Referring to FIG. 1, there is generally indicated at 1, a combination drag and roller cutter drill bit of this invention used to drill a bore, such as an oil well bore, in the earth. The bit comprises a bit body 3 having a threaded pin 5 at its upper end, with its bit in upright position as used in drilling a bore, (its lower end with the bit in inverted position as shown in FIG. 1). The pin is used to detachably secure the bit to drill pipe, drill string, or a so-called "sub" for rotating the bit. The bit body further has a plurality of legs 7 (i.e., two such legs 7, with one leg 7 being shown in FIG. 1) at its end opposite the pin (i.e., its lower end with the bit in use). The legs 7 are spaced apart from each other, with each leg having a generally cylindrical bearing journal (not shown) at its lower end. The bit body further has passaging therein (not shown) and nozzles (also not shown) mounted thereon for flow of drilling fluid under pressure from the passage in the drill pipe, through the bit body, and then against the bottom of the well bore. The drilling fluid cools the bit, enhances its cutting action, and carries away drilling debris. The drill bit further comprises a plurality of roller cutters 9 (two roller cutters 9 being illustrated in FIG. 1) rotatably mounted on the bearing journals on the legs, and at least one drag cutting means 11 (two cutting means 11 being illustrated in FIG. 1) extending between a set of adjacent roller cutters.
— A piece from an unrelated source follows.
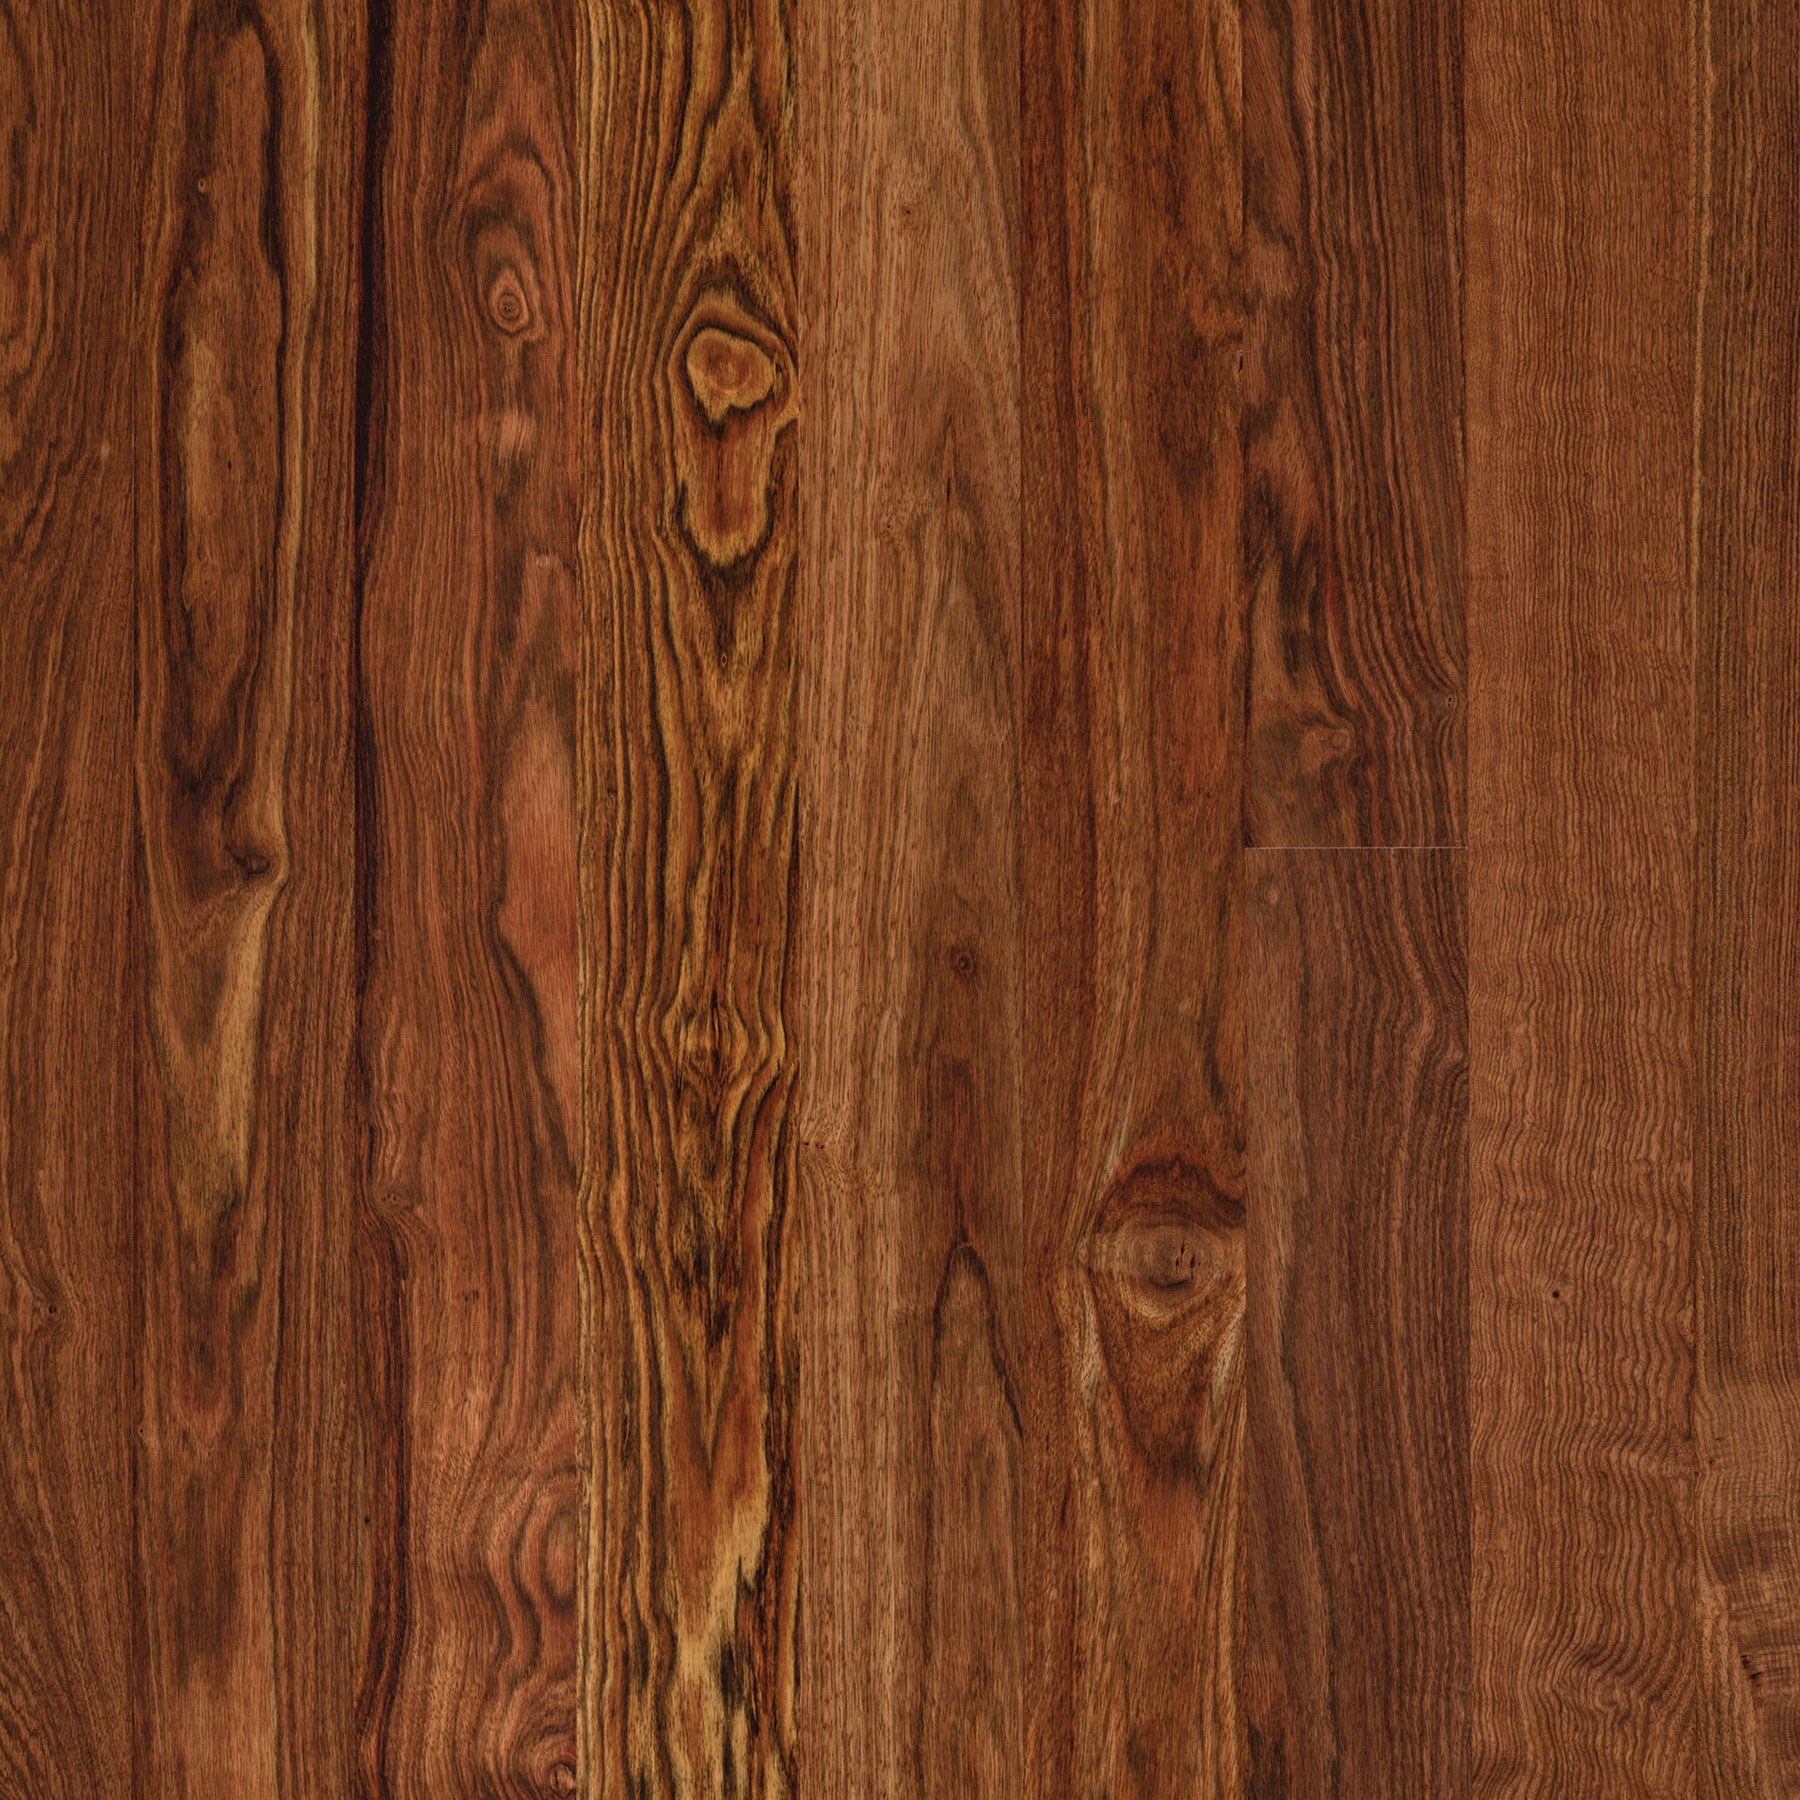 Great Southern Woods Caribbean, Rosewood Laminate Flooring Home Depot

Each roller cutter 9 comprises a generally frustoconical roller cutter body 13 having a recess (not shown) therein receiving the respective bearing journal, and a plurality of cutting elements 15 arranged in annular rows thereon. These cutting elements or so-called inserts comprise elongate members of a suitable hard metal, such as a tungsten carbide material, and have a generally cylindrical base portion 17 secured in bores formed in the conical outer surface of the roller cutter body. Each insert also has a projecting portion 19 extending outwardly beyond the outer surface of the roller cutter body. This projecting portion, which is shown in the FIGS. as being of conical shape, but may also be of other shapes such as spherical, ogive, or chisel, tapers outwardly to a tip or point 21. During drilling with the bit, the tips 21 of the inserts bear on the formation at the bottom of the well bore for drilling the formation by crushing it. As illustrated in FIG. 3, the rows of inserts 15 on the two roller cutters are so arranged relative to each other and the centerline 23 of the bit that on rotation of the drill bit the groove cut in the formation by each row of inserts overlaps the groove cut by at least one row of inserts on the other roller cutter. The inserts together thus define a first cutting surface (designated by line 25 in FIGS. 3 and 4) of the bit extending over substantially the entire area of the bottom of the well bore. As viewed in section on a vertical radial bit plane emanating from the centerline of the bit as shown in FIG. 3, this first cutting surface 25 is of upwardly opening concave shape.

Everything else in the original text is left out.